On my application, I’d called myself Bianca White. How the hell did he found out my real name?

Prone as I am to nervous fiddling, I once again bring up my finger to the keypad.

“I told you not to touch that,” he says, voice tinged with frustration.

I look up, but can’t see a camera. Then, I whip around and examine the wide alley. Shadows flash as people hurry past the mouth of it on their way home, but none of them stop.

“Where are you?” I ask, feeling more nervous every second. The sun’s going down, and the widening shadows do nothing to make me feel safer.

“Good question. Where do you think I am?”

I turn the other way. There’s a dark figure standing a dozen yards away, staring at me. He’s backlit, so I can’t make out any features, but I immediately reach into my purse and bring out my can of mace.

“Okay, that’s creepy as hell.” I grip my phone tighter. “Is this your Bruce Wayne impersonation? Because honestly, I’ve seen better.”

“If you don’t want strange men to confront you in dark alleys, Miss Tate, I’d suggest you stay out of them.”

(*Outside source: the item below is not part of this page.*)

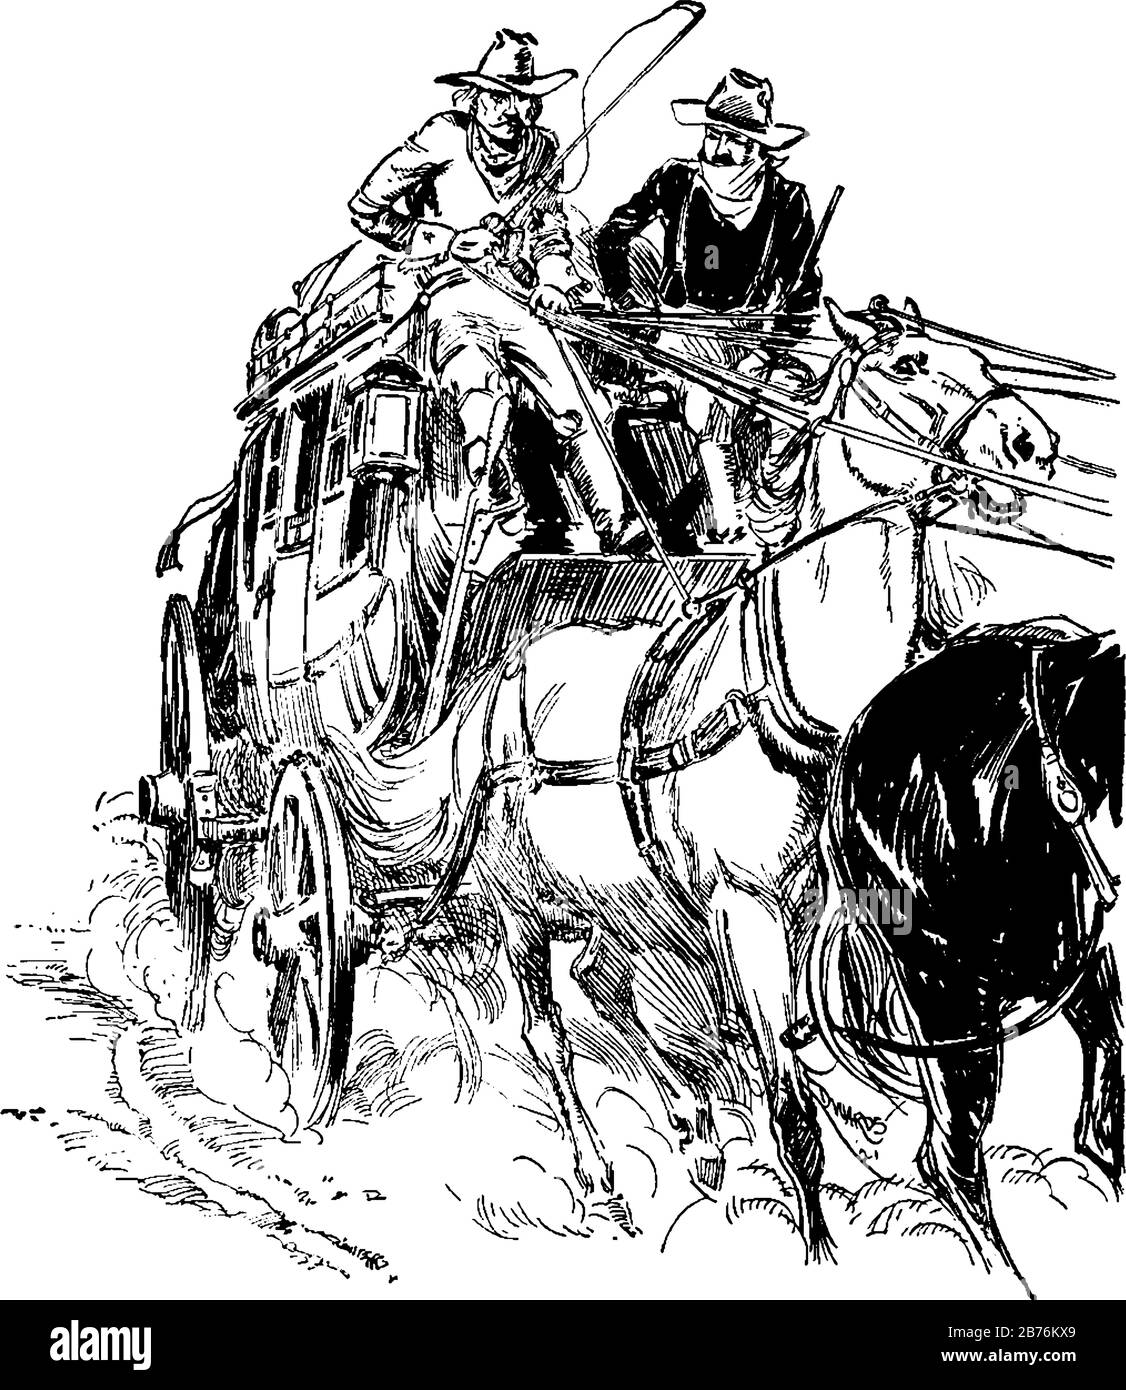 Deux personnes dans un chariot tiré par des chevaux, dessin de ligne vintage ou illustration de gravure Illustration de Vecteur

“Wise words. If I try to leave, will you let me go?”

“You believe I’d hurt you? I’m insulted. Do you think I’m some kind of thug?”

“Of course not. I’m sure you’re a perfectly nice psychopath. But FYI, if you take a single step toward me right now, I’ll scream so loudly they’ll hear me back in Manhattan.”

A low chuckle comes through the phone. “As intrigued as I am to witness the full extent of your vocal range, calm down. There’s nothing to be afraid of.” The dark figure turns away, and a loud belch echoes off the walls of the alley. “That’s Charlie, the local wino. He’s harmless. Well, he could probably talk your ears off about what a bitch his ex-wife is, but other than that, he wouldn’t hurt a fly.”

I look around again, searching for another man, maybe crouching behind the line of dumpsters. “How are you seeing this? Are you here?”

“Look up to your right.” I glance up. Set back into the wall and camouflaged by the mural is a tiny security camera. “Smile, Miss Tate. You triggered my security system when you tampered with the keypad. I’m watching you on a live feed through my phone.”

“So, you’re not here?”

“No.”

“Pity. I’d very much like to slap you for scaring the crap out of me.”

“Actually, Charlie scared you. But by all means, go slap him. I think he’d be into that.”